Feather Sharp rise in suicides among Afghan women – and why they go unreported

Afghanistan is one of the few countries where suicide rates were higher among women than men. This is one of the few countries in the world where this is true. But what we are seeing now is a really sharp increase in suicides across the country. So we are seeing the real effects of the Taliban regime. And there are those who say that women were always forced into marriage and many women were not allowed to come out of their homes. Well, some of this is true. … The lives of many women in rural areas have not changed much since the Taliban came to power. You know what has changed is a loss of hope. ,

I spoke to several women living in rural villages, they knew that somewhere far away in Kabul, say, progress had been made, there was hope that things were changing, even if it was at a snail’s pace, that if they Ended up in jail, then there was a judicial process and now she is gone. And to see the effect of it, in this one hospital, when I was there, there are cases of suicide every day. And by the way, doctors tell me that many of these cases are not being registered because the Taliban have won. Doctors should not be allowed to record these cases, because they do not want the world to know that the suicide rate is on the rise.

The doctors also told me that where the victims are families of Talibis, doctors are instructed not to record those cases. Hence not all cases are being registered. So in fact, the suicide rate is far higher than official records show. In addition, several doctors told me that they were regularly beaten and bullied.

Why did she want to focus on women’s rights?

When you have rooted in patriarchy, you have misogyny, and you have high rates of violence and sexual violence against women, and you have complete hypocrisy. And where there are no rights for women, there are no human rights. Women’s rights are human rights. And I get really frustrated when you talk about women’s rights, and often men in positions of power will reject women’s rights. “Oh, there are more important things to worry about.
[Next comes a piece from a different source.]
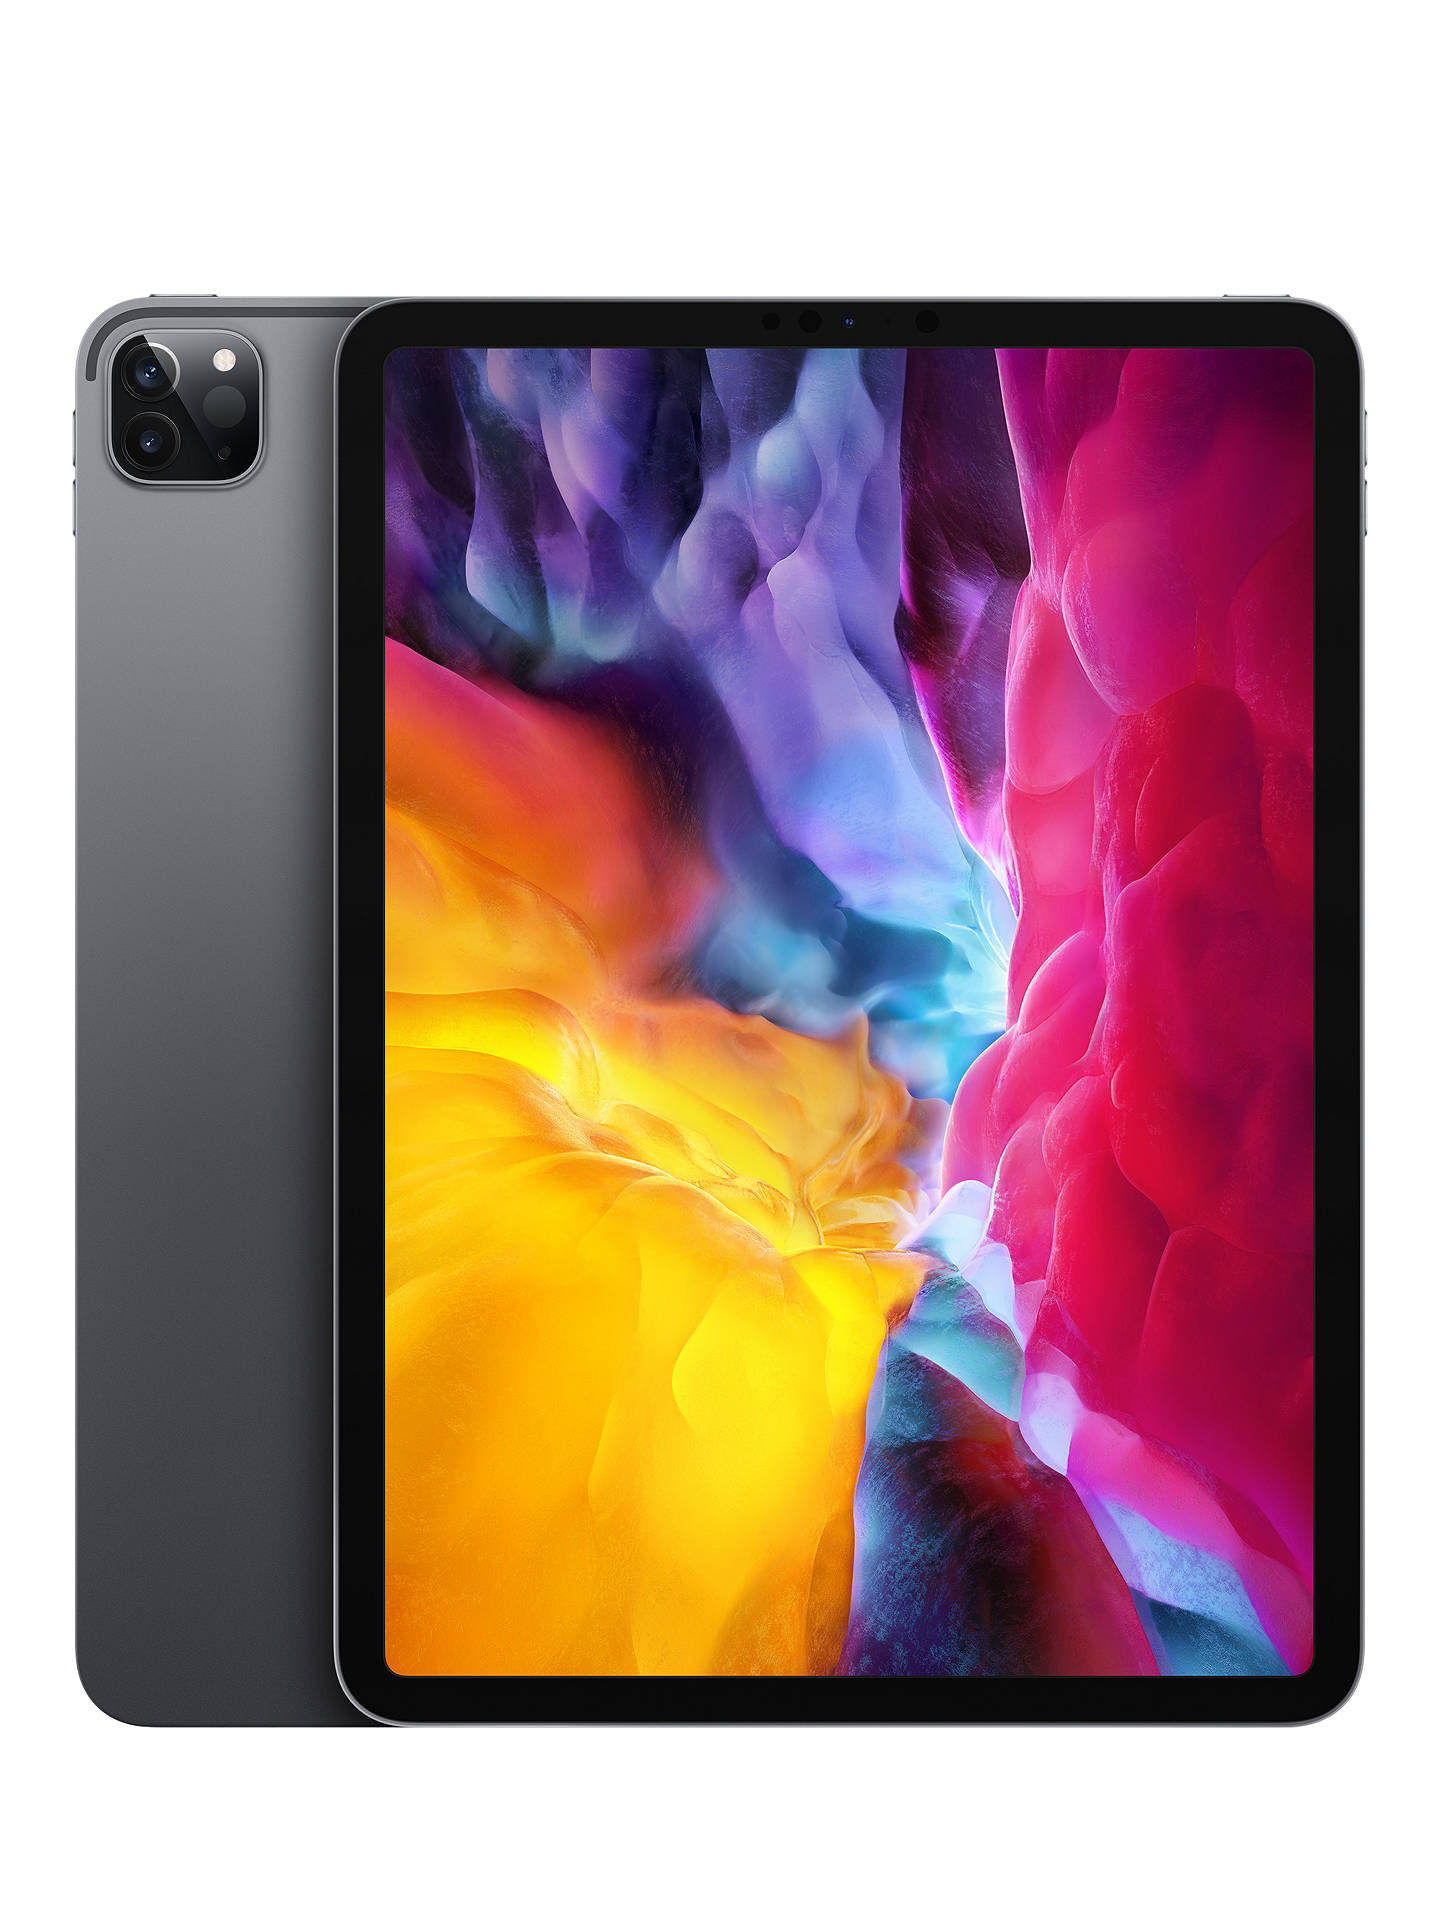 "2020 Apple iPad Pro 11"", A12Z Bionic, iOS, Wi-Fi, 256GB, Space Grey"

You have internal politics and you’re worried about women’s rights!” We saw this happen in Iran when there was a revolution and hundreds of thousands of women took to the streets against the hijab. She was also told by liberals and leftists and secularists, “Get back to your box. Shut up. There’s a big revolution going on here, ladies. Now is not the time to go on about the hijab and women’s rights.”

And this is absolutely wrong, because women’s rights is a litmus test for human rights, it is a litmus test of good governance, how a society is safe and runs itself. And what I find very frustrating is that we are told that it is not interesting, that it is not important, and that it is important.

Amy Salit and Seth Kelly produced and edited the audio for this interview. Bridget Bentz and Molly CV-Nasper adapted it for the web.